In a C1-FFL, a master regulator X activates a second regulator Y, and both X and Y jointly activate a target gene Z. This motif is known for its ability to act as a sign-sensitive delay element or a persistence detector.
The network consists of three genes (X, Y, Z) with the following interactions: 1. X production and degradation (optional). 2. Y production, activated by X. 3. Z production, activated by both X and Y. 4. Degradation of Y and Z.
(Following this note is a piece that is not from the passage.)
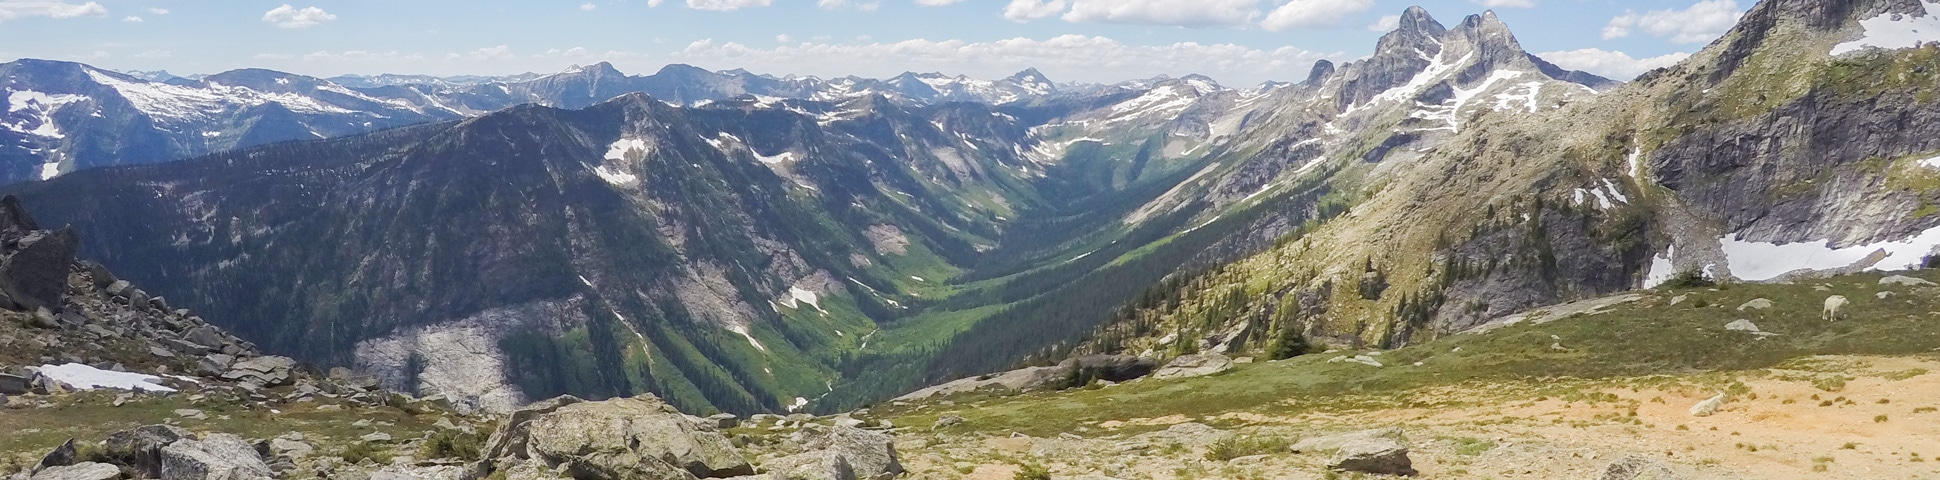 Panoramic view from a beautiful hike in West Kootenays, BC
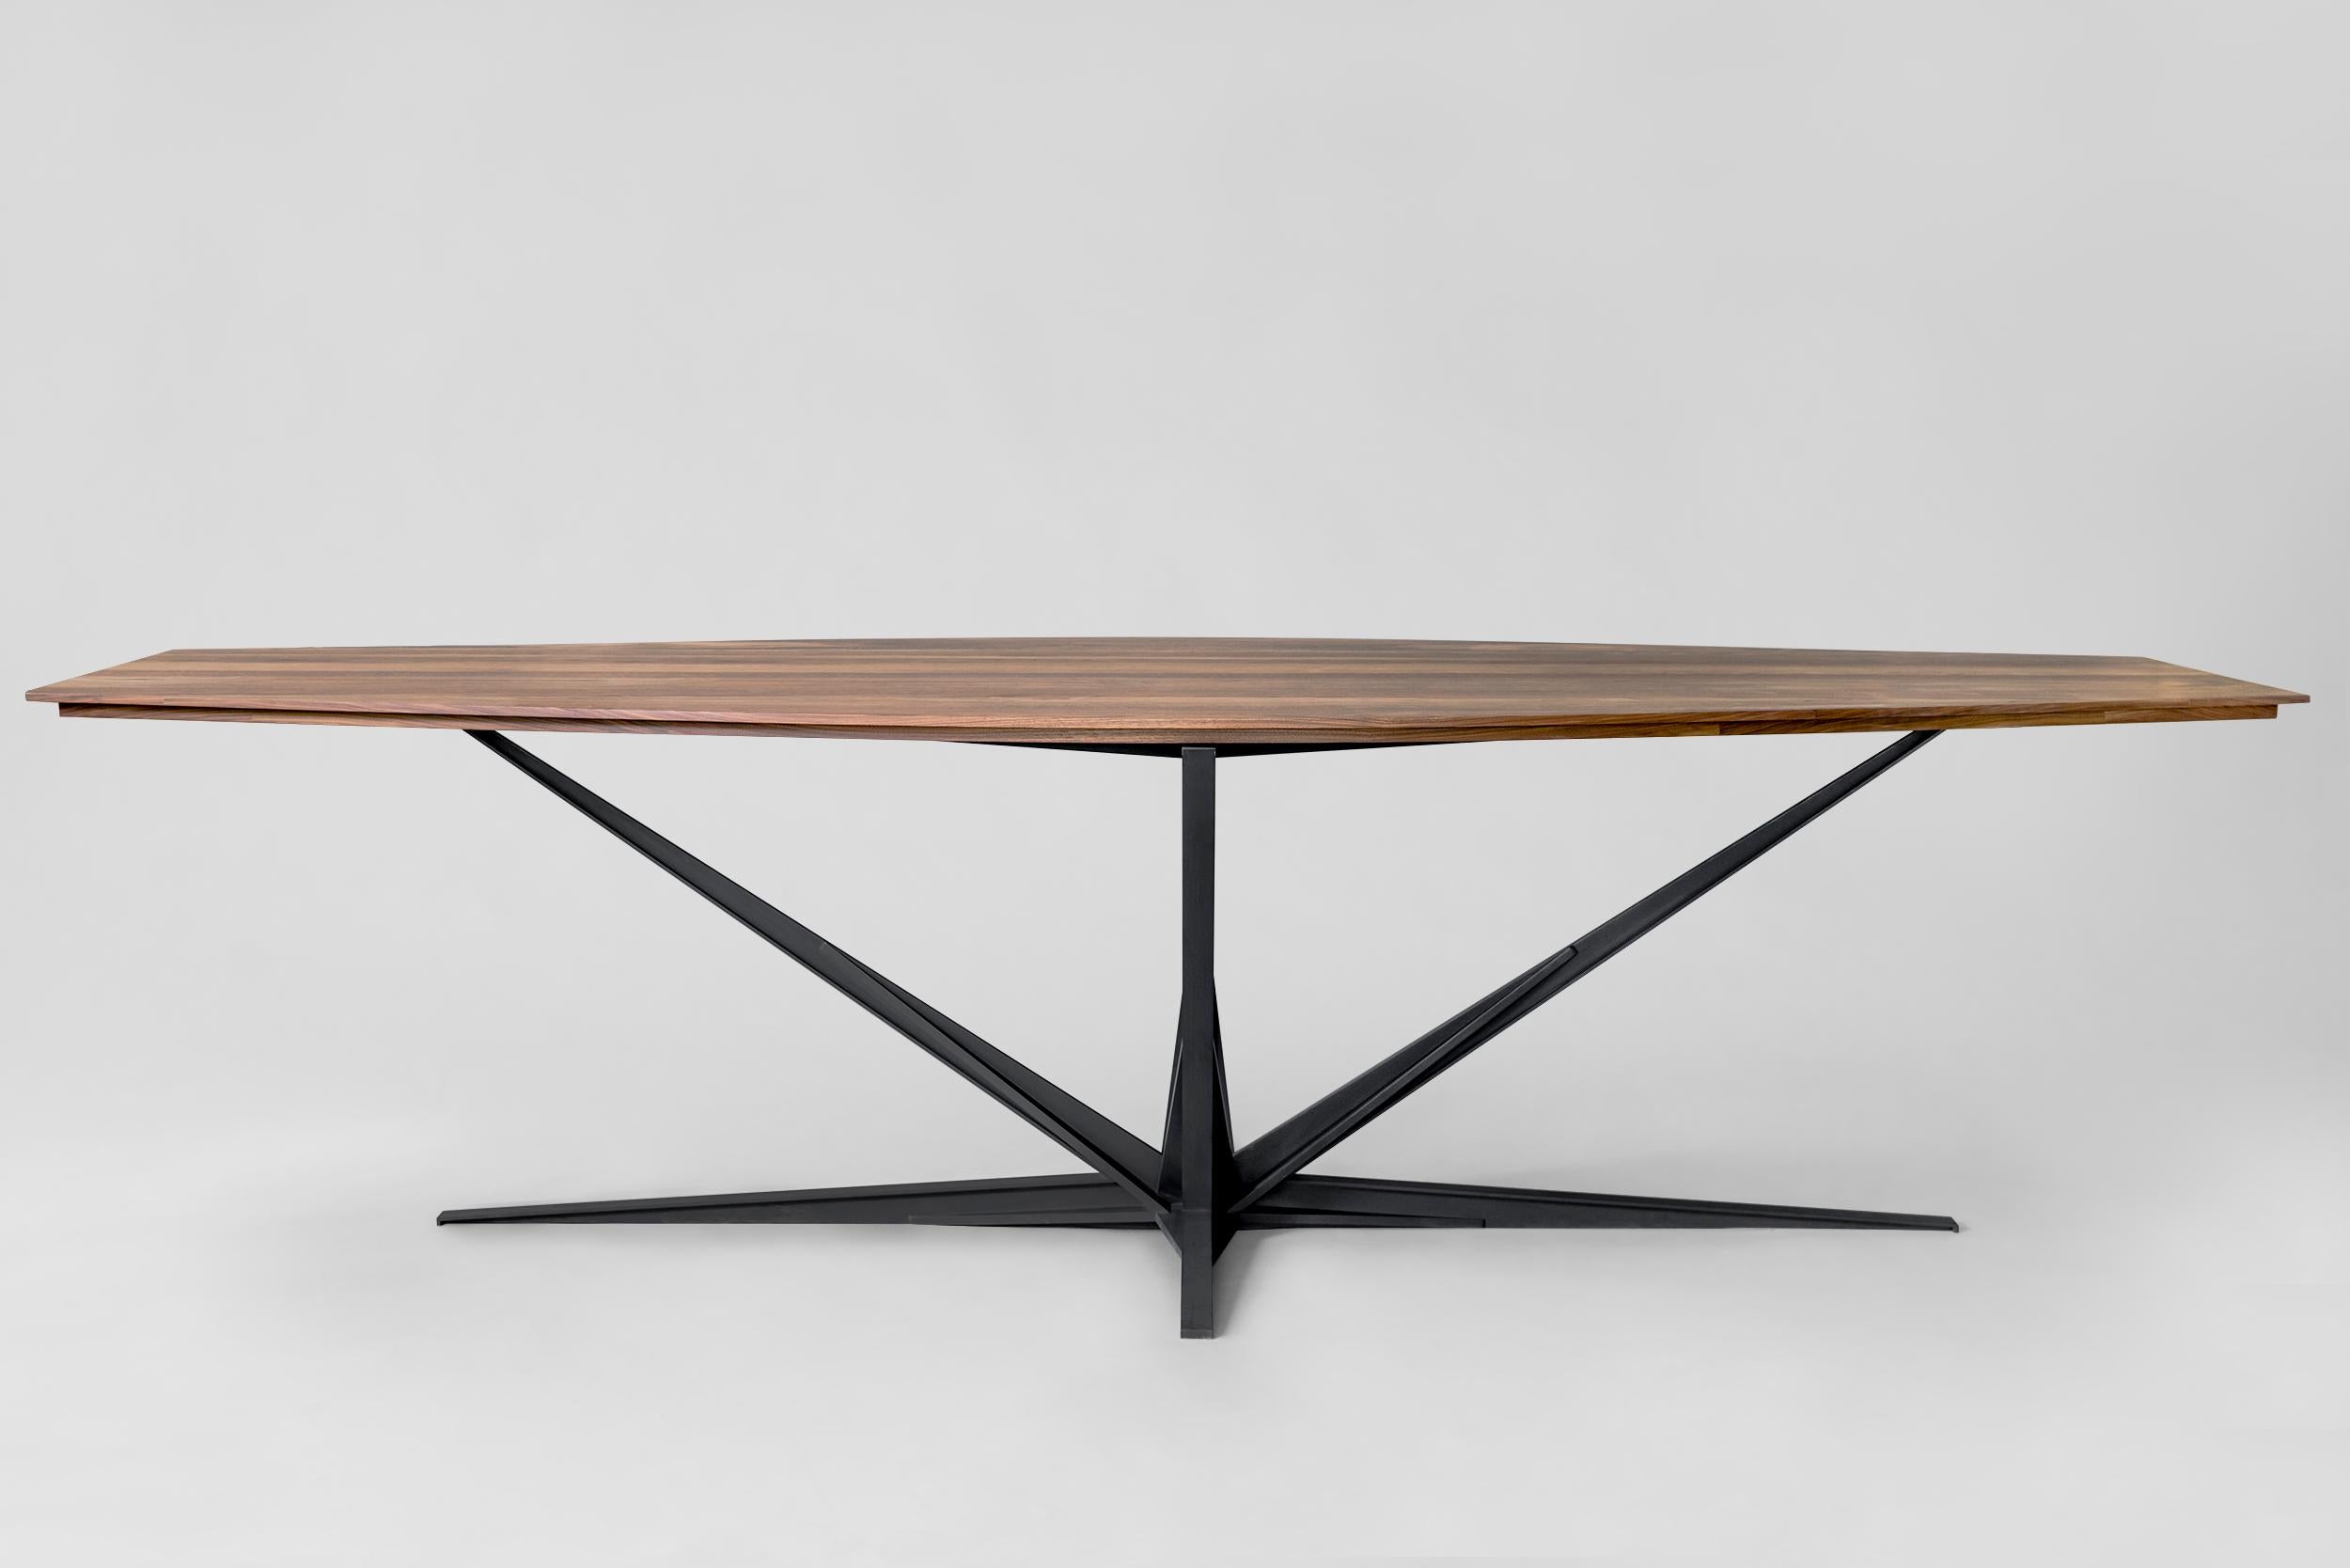 Mexican Agave Dining Table by Atra Design

The regulation of Z by X and Y can be configured with 'and' or 'or' logic.
Note
The default model is built with no dynamics for X. You can include reactions for X by extending the model after it is generated.
Example
To add a reaction where X is produced at a constant rate:
model = ffl_c1_model(k_x=10.0)
from stochastix.kinetics import HillActivator
from stochastix.reaction import Reaction
model = ffl_c1_model()
x_production_reaction = Reaction(
'0 -> X',
HillActivator(regulator='S', v=100.0, K=50.0, n=2.0, v0=0.1),
name='X_production'
)
model = model + x_production_reaction
Parameters:
-
k_x(float | floating, default:0.0) –Production rate of X. If 0, the reaction
0 -> Xis not included. -
beta_x(float | floating, default:0.0) –Degradation rate of X. If 0, the reaction
X -> 0is not included. -
alpha_y(float | floating, default:100.0) –Maximum production rate of Y (activated by X).
-
alpha0_y(float | floating, default:0.1) –Leaky production rate of Y.
-
K_xy(float | floating, default:50.0) –Half-saturation constant for X activating Y.
-
n_xy(float | floating, default:2.0) –Hill coefficient for X activating Y.
-
beta_y(float | floating, default:1.0) –Degradation rate of Y.
-
alpha_z(float | floating, default:100.0) –Maximum production rate of Z (activated by X and Y).
-
alpha0_z(float | floating, default:0.1) –Leaky production rate of Z.
-
K_xz(float | floating, default:50.0) –Half-saturation constant for X activating Z.
-
K_yz(float | floating, default:50.0) –Half-saturation constant for Y activating Z.
-
n_xz(float | floating, default:2.0) –Hill coefficient for X activating Z.
-
n_yz(float | floating, default:2.0) –Hill coefficient for Y activating Z.
-
beta_z(float | floating, default:1.0) –Degradation rate of Z.
-
logic(str, default:'and') –The logic for Z regulation by X and Y ('and' or 'or').
-
competitive_binding(bool, default:False) –Whether X and Y bind competitively to Z's promoter.
Returns:
-
ReactionNetwork–ReactionNetwork representing the C1-FFL system.